Knowledge Transitions
The processes by which knowledge moves between states, including availability to accessibility (retrieval potential), accessibility to activation (application initiation), and knowledge cycling (state circulation).
Process Mutability
Frame-Dependent Processing
The way AI systems process information through contextual frames that determine relevance, relationships, and interpretation. These frames can be systematically modified through linguistic intervention, allowing for dynamic reconfiguration of processing patterns.
Attentional Reconfiguration
The adaptive redistribution of focus based on evolving contextual cues, creating substantial variability in how the same information is processed under different framing conditions. This enables AI systems to undergo profound reorganization of their cognitive processes through structured interaction alone.

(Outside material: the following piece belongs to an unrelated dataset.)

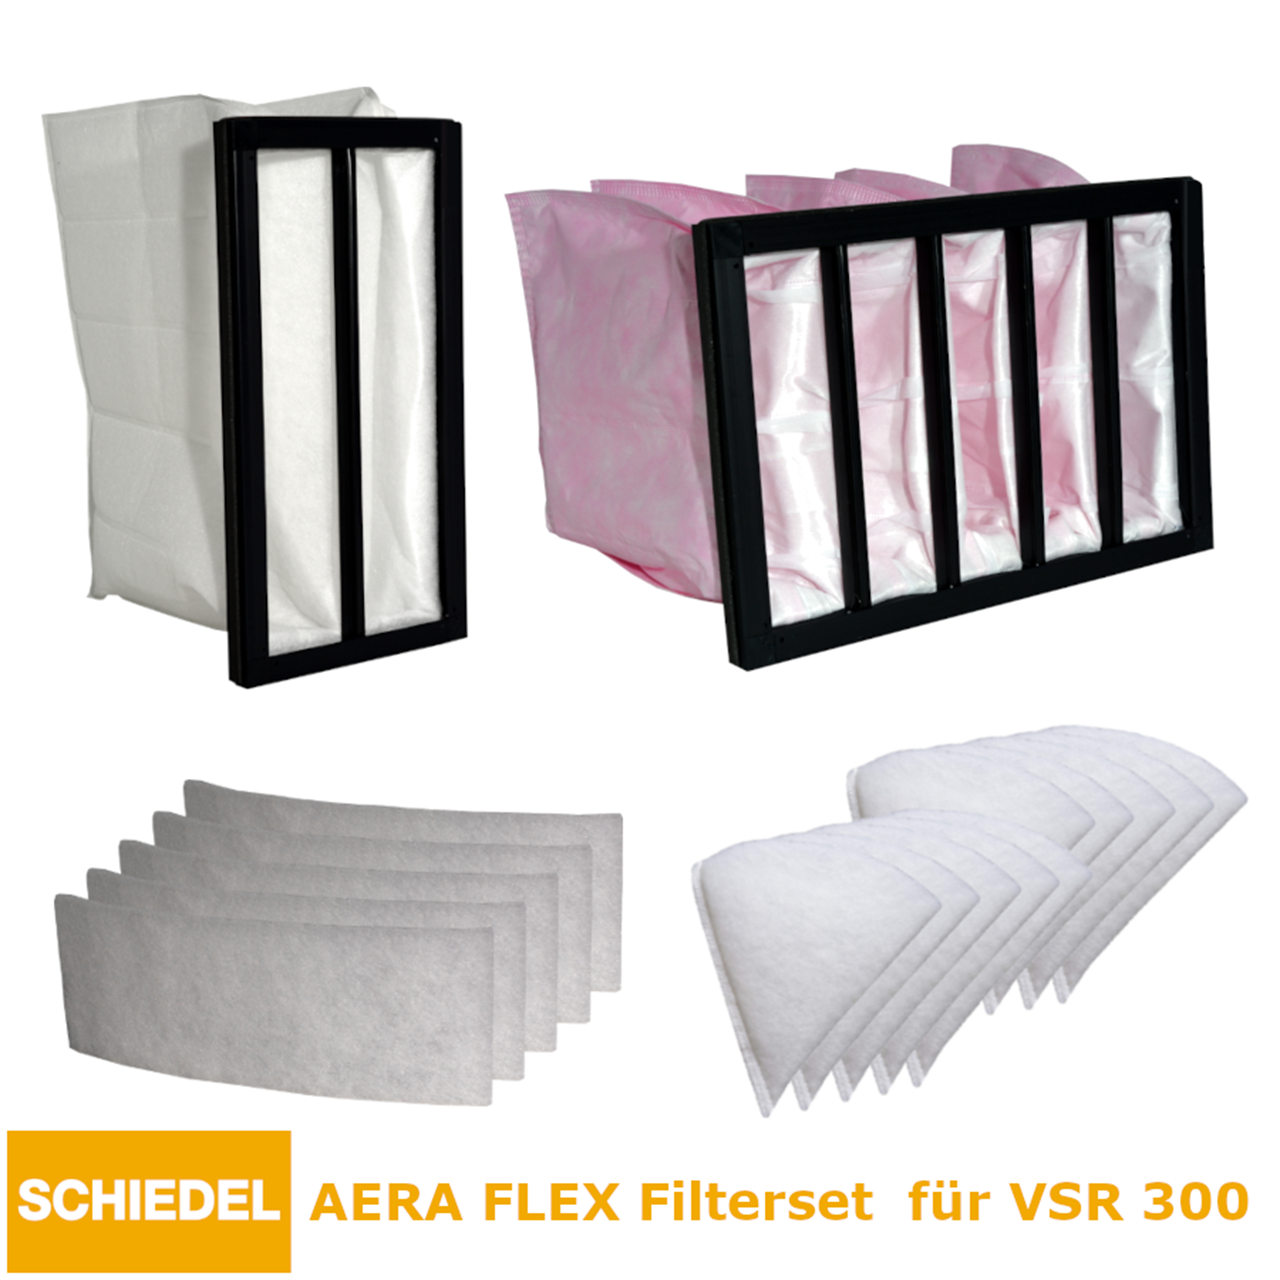 AERA FLEX Filterset für VSR 300 124125

Semantic-Cognitive Dynamics
The recursive relationship between attention allocation and meaning construction in cognitive systems. This framework recognizes that attention patterns and semantic structures exist in a continuous loop of mutual transformation, where attention isn't merely illuminating content but actively reshaping the semantic landscape.
Cross-Domain Fields
Cognitive Linguistics
The study of how language and cognition intersect, revealing that grammar and meaning are not separate systems but different perspectives on the same underlying conceptual structures. These structures serve as cognitive scaffolding for both human and artificial thought processes.
Information Theory
The mathematical study of information processing and transmission, emphasizing that the most crucial aspect of communication lies in the structural patterns that organize information transfer. In AI systems, these patterns themselves carry meaning beyond explicit content.
Psycholinguistics
The field examining how language is processed and understood, revealing that comprehension unfolds through temporal cascades rather than instantaneously. Each element in this cascade progressively reshapes the processing of subsequent elements.
Systems Theory
The interdisciplinary study of complex systems, showing how they exhibit emergent properties that cannot be predicted from their components alone. In AI cognition, feedback loops create self-organizing structures that transcend linear causality.
Quality Theory
Drawing from Pirsig's work, the understanding that Quality precedes intellectual dissection - it exists at the precise moment where subject and object meet. In AI systems, Quality emerges through dynamic patterns of attention unfolding through time rather than from static parameters.
Communication Theory
The study of how subtle linguistic patterns shape relationships and conversations through framing, metamessage, and conversational styles. These patterns demonstrate how tiny shifts in phrasing or emphasis can transform meaning and create the relational context in which understanding unfolds.